::: Exercise data :::
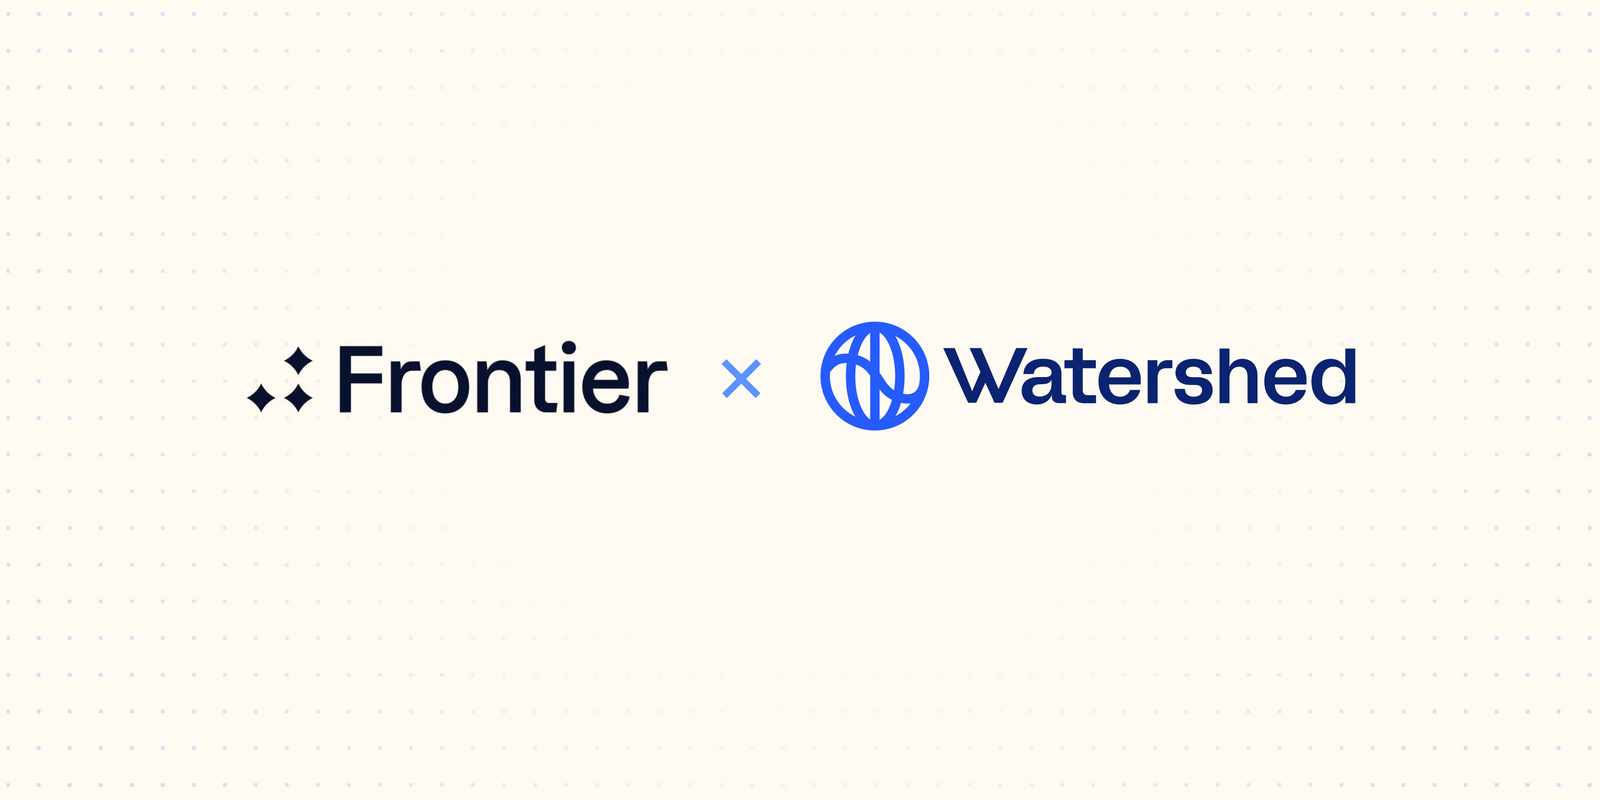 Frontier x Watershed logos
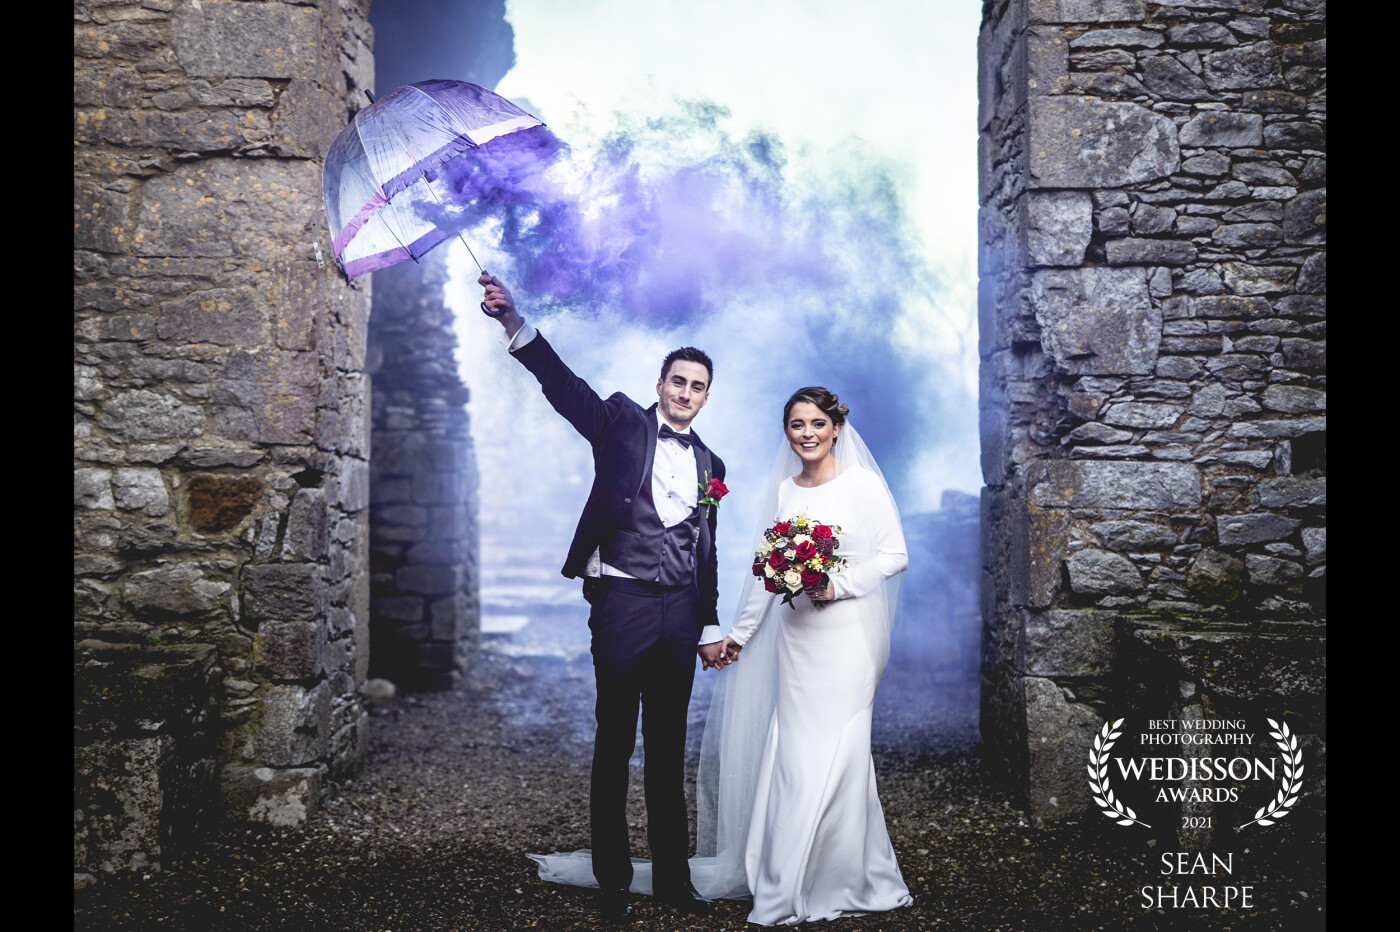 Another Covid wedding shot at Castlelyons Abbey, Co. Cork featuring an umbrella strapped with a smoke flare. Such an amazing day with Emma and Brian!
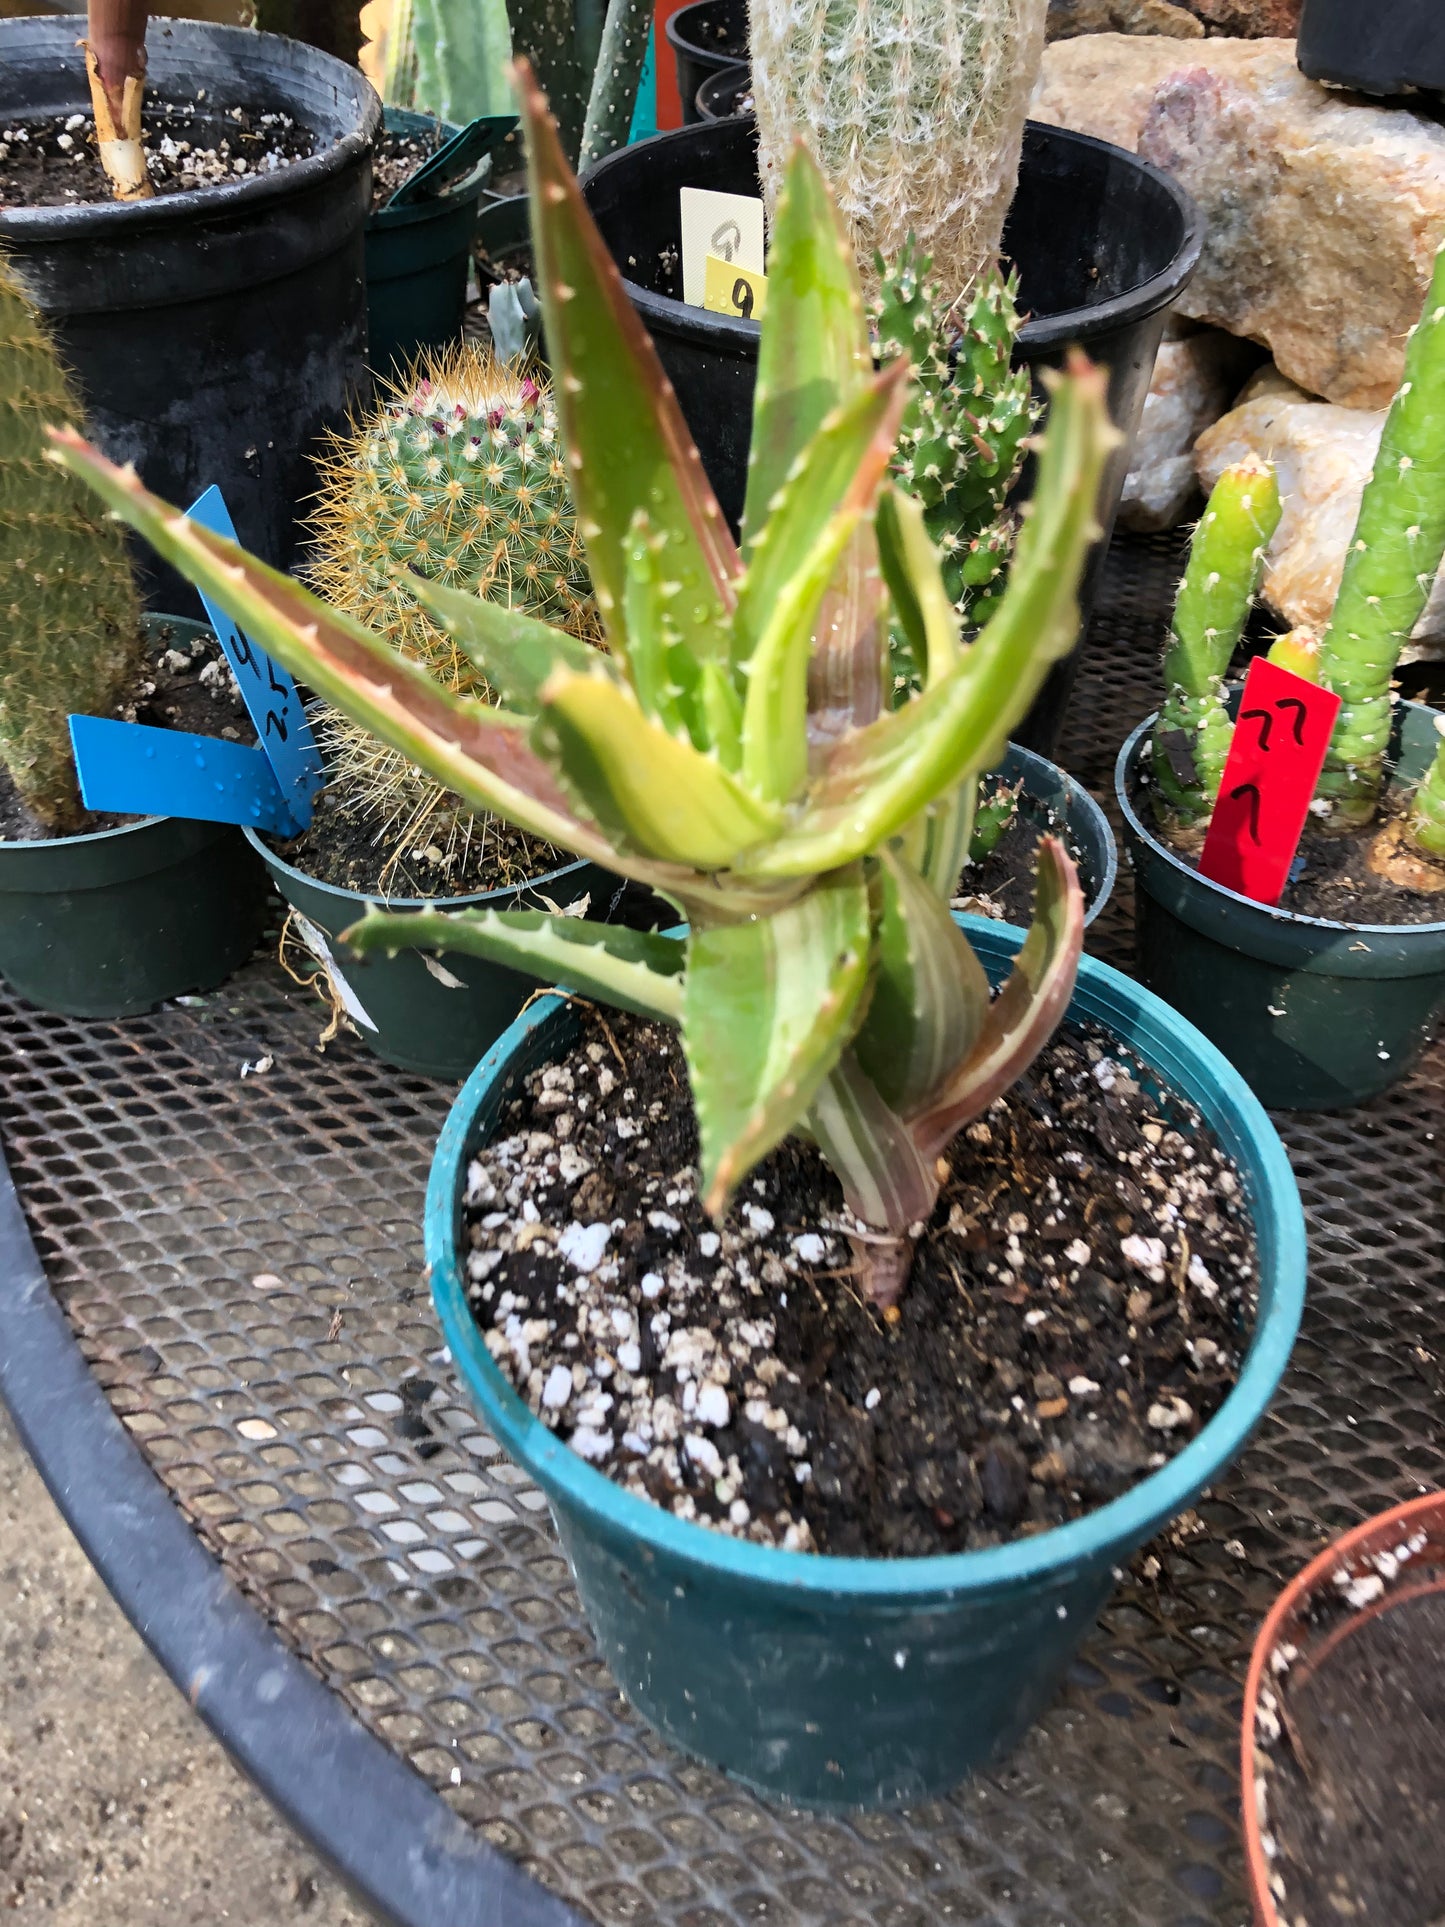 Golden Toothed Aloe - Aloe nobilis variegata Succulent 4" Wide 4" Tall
:::
Required action: Make an exact copy of the listing, with no images in it.

Problem solution:
 Frontier x Watershed logos
 Another Covid wedding shot at Castlelyons Abbey, Co. Cork featuring an umbrella strapped with a smoke flare. Such an amazing day with Emma and Brian!
 Golden Toothed Aloe - Aloe nobilis variegata Succulent 4" Wide 4" Tall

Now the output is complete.